A former World War II Field Marshal and Governor-General of Australia, Viscount Slim, said of the kiaps: "Your young chaps in New Guinea have gone out where I would never have gone without a battalion and they have done on their own by sheer force of character what I could only do with troops. I don't think there has been anything like it in the modern world".

== Indigenous perspective ==

=== August Kituai ===
August Ibrum K. Kituai, one of the early indigenous historians of PNG, has written "a study of the close encounters and entanglements which occurred when colonial regimes used indigenous people as agents of colonialism". Kituai "emphasises that orders and administration regulations were often not followed as native police did what they thought best, or to their own advantage" and "raises a number of unresolved issues about the pervasiveness of the Australian-led "civilising" administration, the extent of authority exercised by Kiaps over their men, and historiographically over the veracity of his informants' evidence".

Kituai "[peels] back of the veneer of Kiap authority, hierarchical command and so-called peaceful penetration which has underlined much of the earlier patrolling history of Papua New Guinea.
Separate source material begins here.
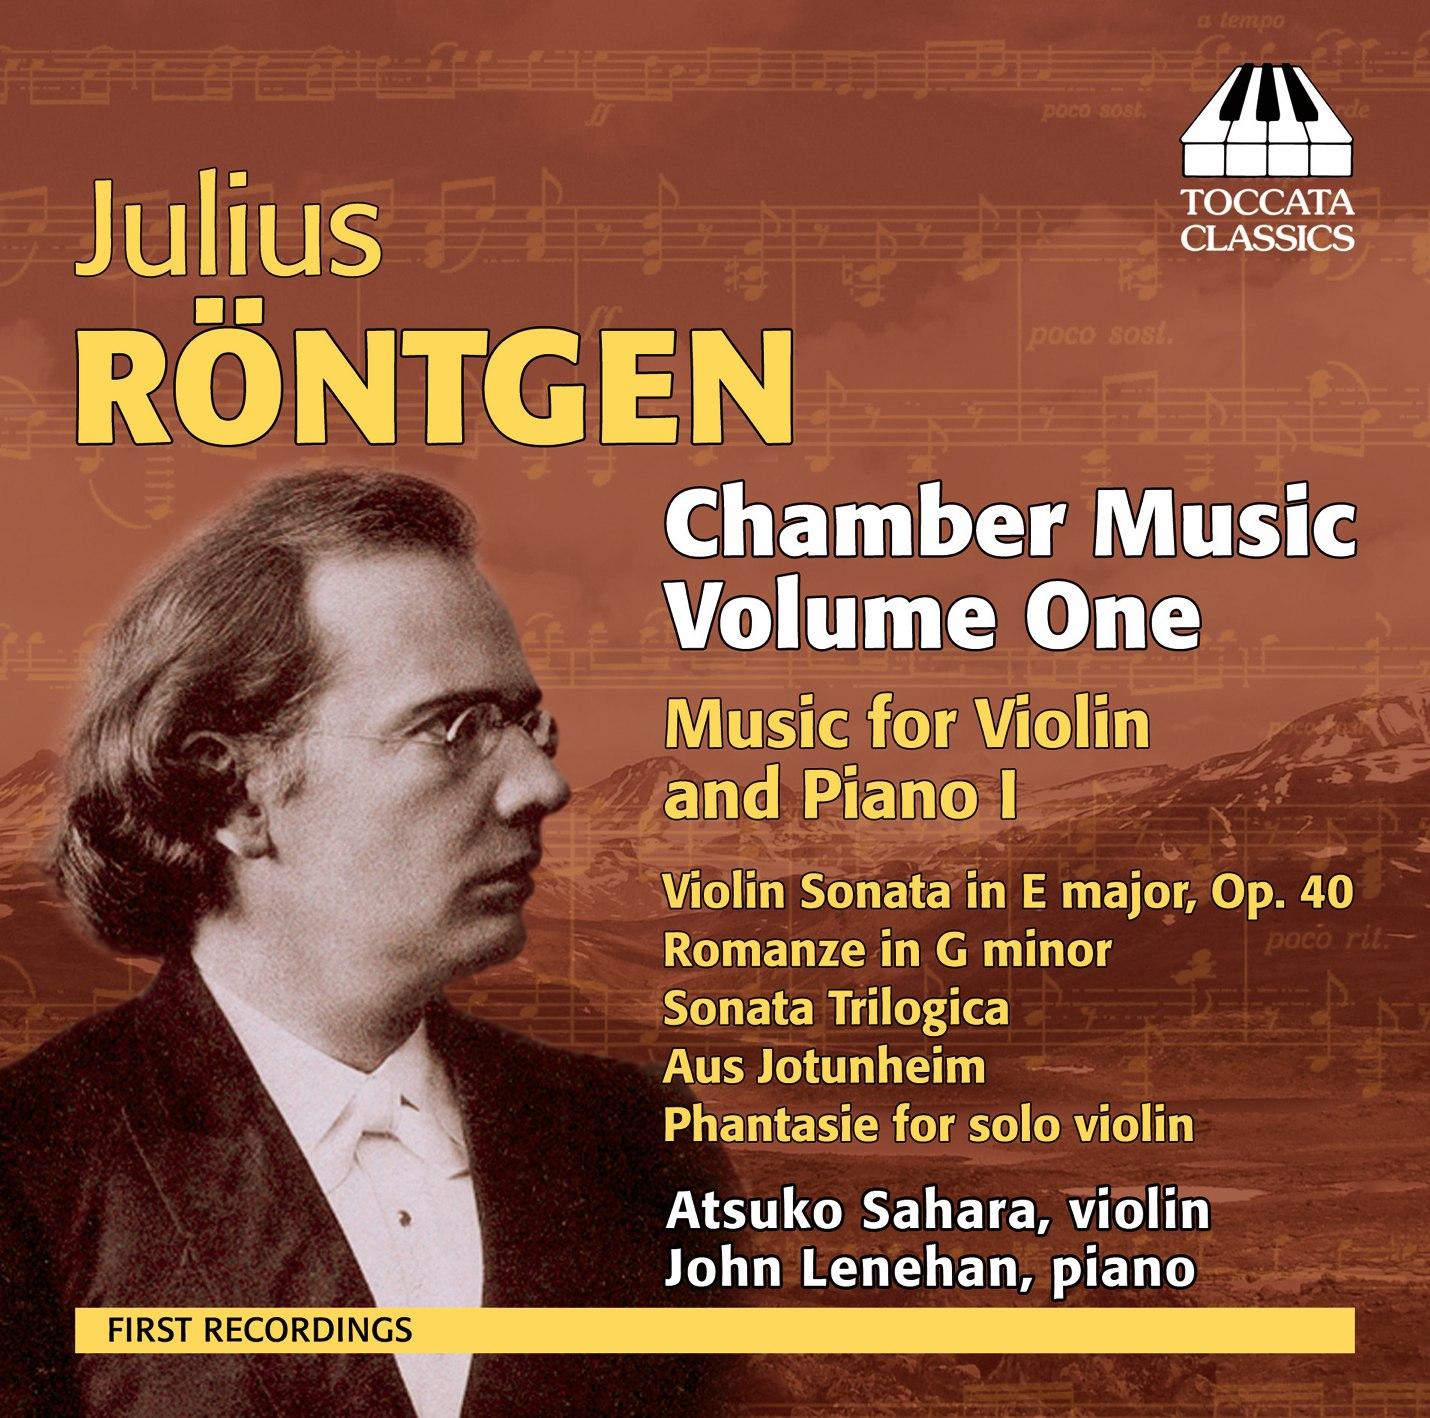 Julius Röntgen: Chamber Music

My gun, my brother reveals a history of opportunism, property destruction, sexual predation and personal tragedy that highlights how the unofficial and unregulated underside of colonialism affected people's lives and created today's new nations".

=== Anyan of the Tairora people ===
Virginia and James Watson were anthropologists in the Central Highlands of Papua New Guinea during the 1950s and 1960s. A local woman, Anyan, became Virginia Watson's interpreter. Anyan had been chosen by her family "to go live in the government station of Kainantu in order to learn Tok Pisin and thus be able to act as a translator for her relatives and other villagers". Subsequently, Virginia Watson asked permission from Anyan to write her story, using her field notes, in the form of a book:

One time when the kiap came to get us we all ran away from the village as fast as we could. I was still a young girl then. I ran as fast and as far as I could and then I hid among some reeds in low ground. But my feet were not completely hidden and a policeman came by and saw them. He grabbed me by the arm and pulled me out to see if I was a girl or boy. When he saw I was a girl he took me to the house where they were keeping all of the people they caught. If I had been a boy I would have been shot. That time when the kiap came after us ten men and two boys were shot. This was one time in my life when I was most frightened. (pp.51-52)

Later "Anyan decided the benefits of the colonial administration outweighed many of her earlier fears." She married and lived in Kainantu, close to medical and educational facilities.

===Kiap courts===
"Not many Papua New Guineans were ever found innocent in a kiap's court—never as many as 10 percent in any year for which records... are available"..."the law has been administered only intermittently in most indigenous communities, and then in what has often seemed to be an arbitrary manner in the eyes of many villagers" (Wolfers, 1975)

== Recognition from the Australian government ==
In July 2013, after eleven years of lobbying the Australian Government, forty-nine ex-Kiaps were presented with the Police Overseas Service Medal at Parliament House in Canberra by the Hon. Jason Clare MHR, Minister for Home Affairs and Justice and the Australian Federal Police Commissioner Tony Negus APM.

During the ceremony, which celebrated the work of the kiaps between 1949 and 1973, Minister Clare said, "Being a Kiap meant you were an ambassador, a police officer, an explorer, a farmer, an engineer and an anthropologist – all in one". He acknowledged that kiaps were often on call twenty-four hours, seven days a week, in remote areas in a role that "demanded perseverance, tenacity and commitment". He continued, "today we are righting a wrong. We are recognising men that should have properly recognised many years ago."

Minister Clare, during an earlier parliamentary debate of the Bill, which enabled the award of medals for service, said, "The Kiaps were an extraordinary group of young Australians who performed a remarkable service for the people of PNG. They were some of our nation's finest."